= Ushi Narrative Tablet =

Sumerian/cuneiform tablet

The Ushi Narrative Tablet, sometimes Ushi's Narrative Tablet, is a cuneiform tablet dated to around 3200BC and the Uruk III period of ancient Sumer, containing a narrative inscription attributed to a scribe by the name of "Ushi". It was discovered at some point during the German Oriental Society's excavations of Warka (Uruk) and surrounding areas between 1931 and 1939, and was subsequently sold as part of the illegal antiquities trade out of Iraq. The tablet was held by anonymous collectors until it was rediscovered by authorities as part of the Hobby Lobby smuggling scandal.

== Description and discovery ==
The tablet is made from clay, and is said to measure 10 cm tall, 5 cm wide, 2 cm thick, with several lines of legible cuneiform text, likely Sumero-Akkadian.

From 1928 to 1939 the German Oriental Society excavated at Warka, in the southern part of the modern state of Iraq. The tablet was described as part of a larger cache by Dr. Arnold Nöldeke, but no academic work on the tablet was ever conducted and the inscription remains untranslated.

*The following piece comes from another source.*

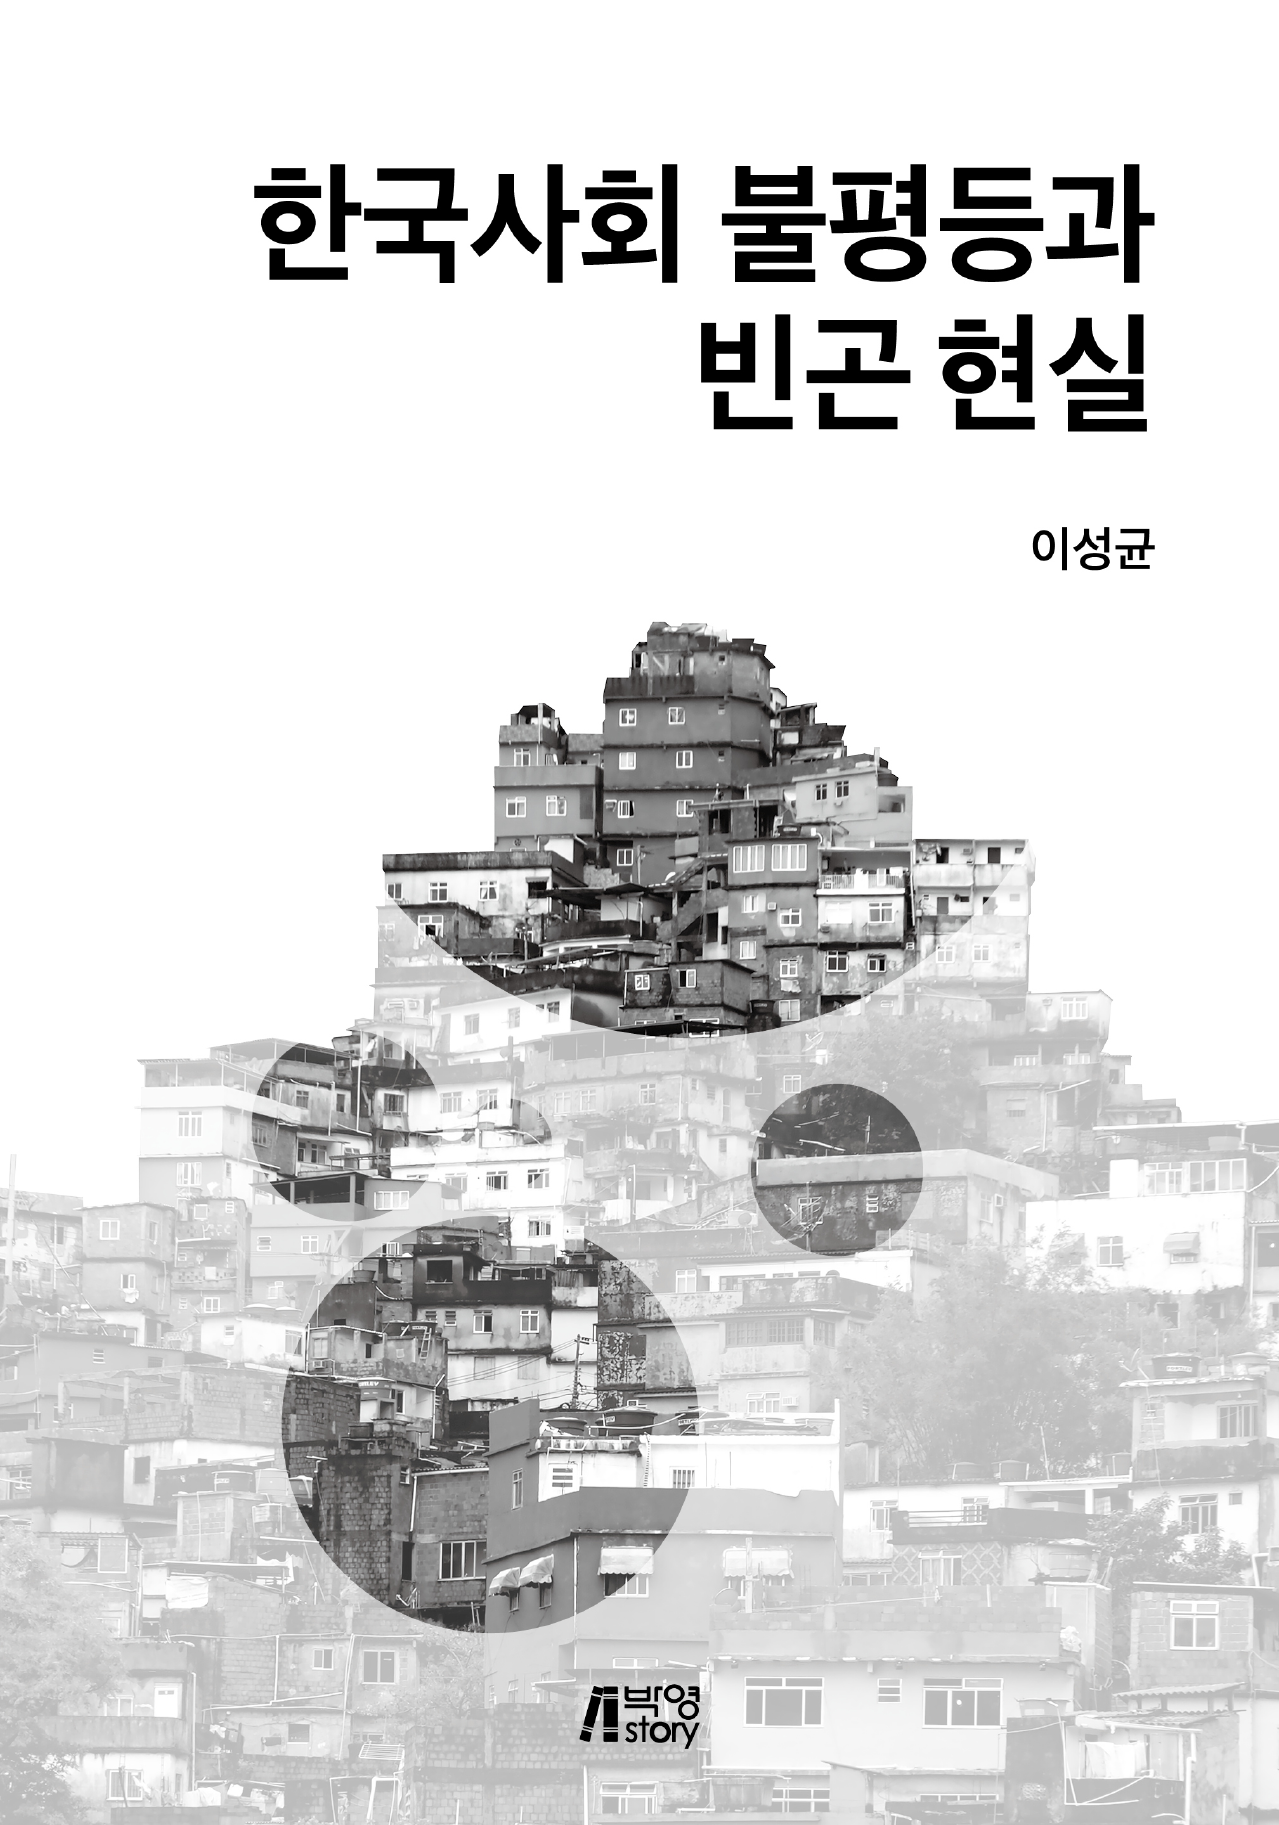 한국사회 불평등과 빈곤 현실

The tablet's whereabouts between 1939 and 2017 are unknown, but it featured in the civil forfeiture case United States of America v. Approximately Four Hundred Fifty Ancient Cuneiform Tablets and Approximately Three Thousand Ancient Clay Bullae, as part of the larger trove recovered from Hobby Lobby Stores Inc., and the chain store's attempts to furnish its Museum of the Bible endeavor with genuine antiquities.